A tool for calculating the big-O time complexity of Java code?

Question

I have a question regarding time complexity (big O notation) for Java software. Is there a way to quickly calculate or test it (or any website that could calculate it for me would be welcomed). For example I would like to check it for the following snippet of code and possibly improve as well:

int dcount = 24423567;
int a = 0;
if (dcount == 0){
    a = 1;
}

String ds = Integer.toString(dcount);
String[] sa = ds.split("(?<=.)");
HashSet hs = new HashSet();
Collections.addAll(hs, sa);
a = hs.size();
if (dcount < 0)
    a--;

System.out.println(a);

Answer 1

As @emory pointed out, it is provably impossible to determine the big-O time complexity of an arbitrary piece of code automatically (the proof is a reduction from the Halting Problem ). However, there are tools that can attempt to measure the complexity of a piece of code empirically by running it on several different inputs. One such tool is described in the paper “Measuring Empirical Computational Complexity” by Goldsmith, Aiken, and Wilkerson. It works by attempting to do a regression on the program's runtime versus its input size. The tool, called trend-prof (discontinued), is available for reference.

Hope this helps!

Answer 2

I might be solving someone's homework, but the question was begging for a sane solution...

Counting distinct digits in a number requires no strings, sets or regular expressions, just some simple arithmetics.

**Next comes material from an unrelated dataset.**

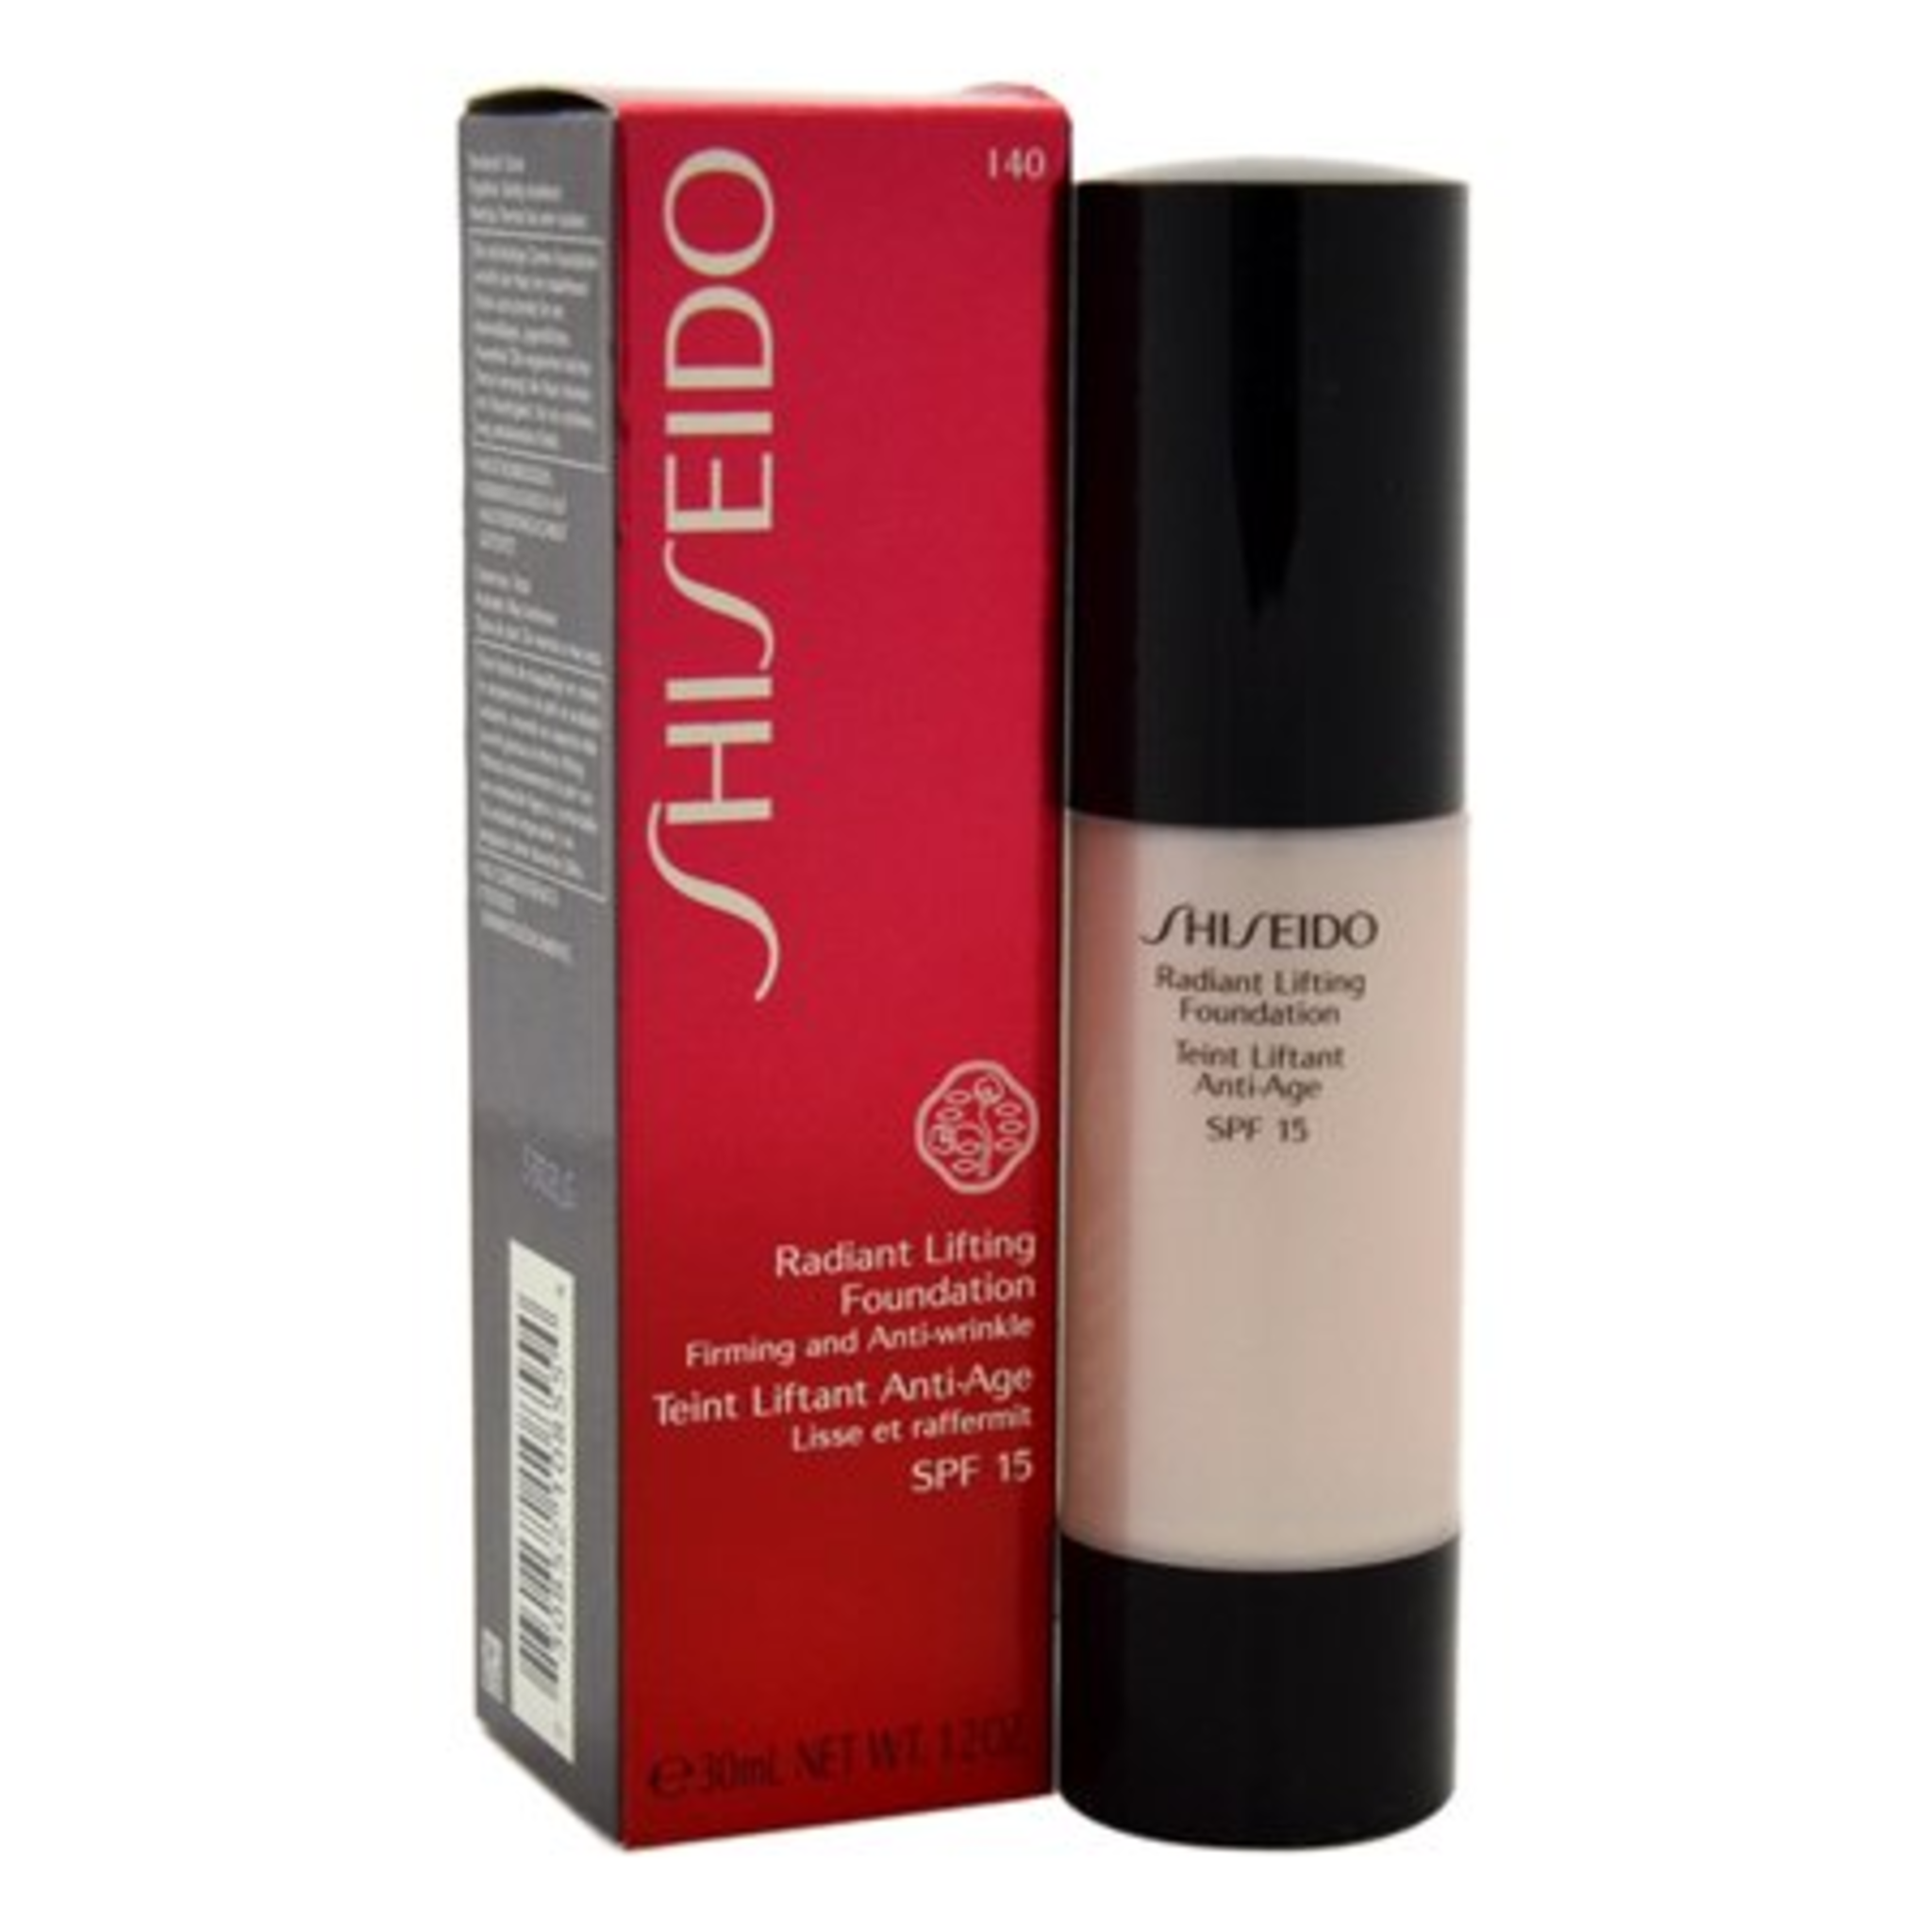 Shiseido тон. Shiseido - Radiant Lifting Foundation i40 natural Fair. Тональный крем Shiseido Radiant. Шисейдо Радиант лифтинг. Шисейдо Радиант лифтинг тональный крем.

The following method runs in O(n) time (n = number of digits in the input) and constant space:

int distinctDigits(int num) {
  if (num == 0) {
    return 1;
  }

  boolean[] digits = new boolean[10];

  while (num > 0) {
    digits[num % 10] = true;
    num /= 10;
  }

  int count = 0;
  for (boolean digit : digits) {
    if (digit) {
      count++;
    }
  }

  return count;
}

Making this work for negative numbers is left as an exericse to the reader ;)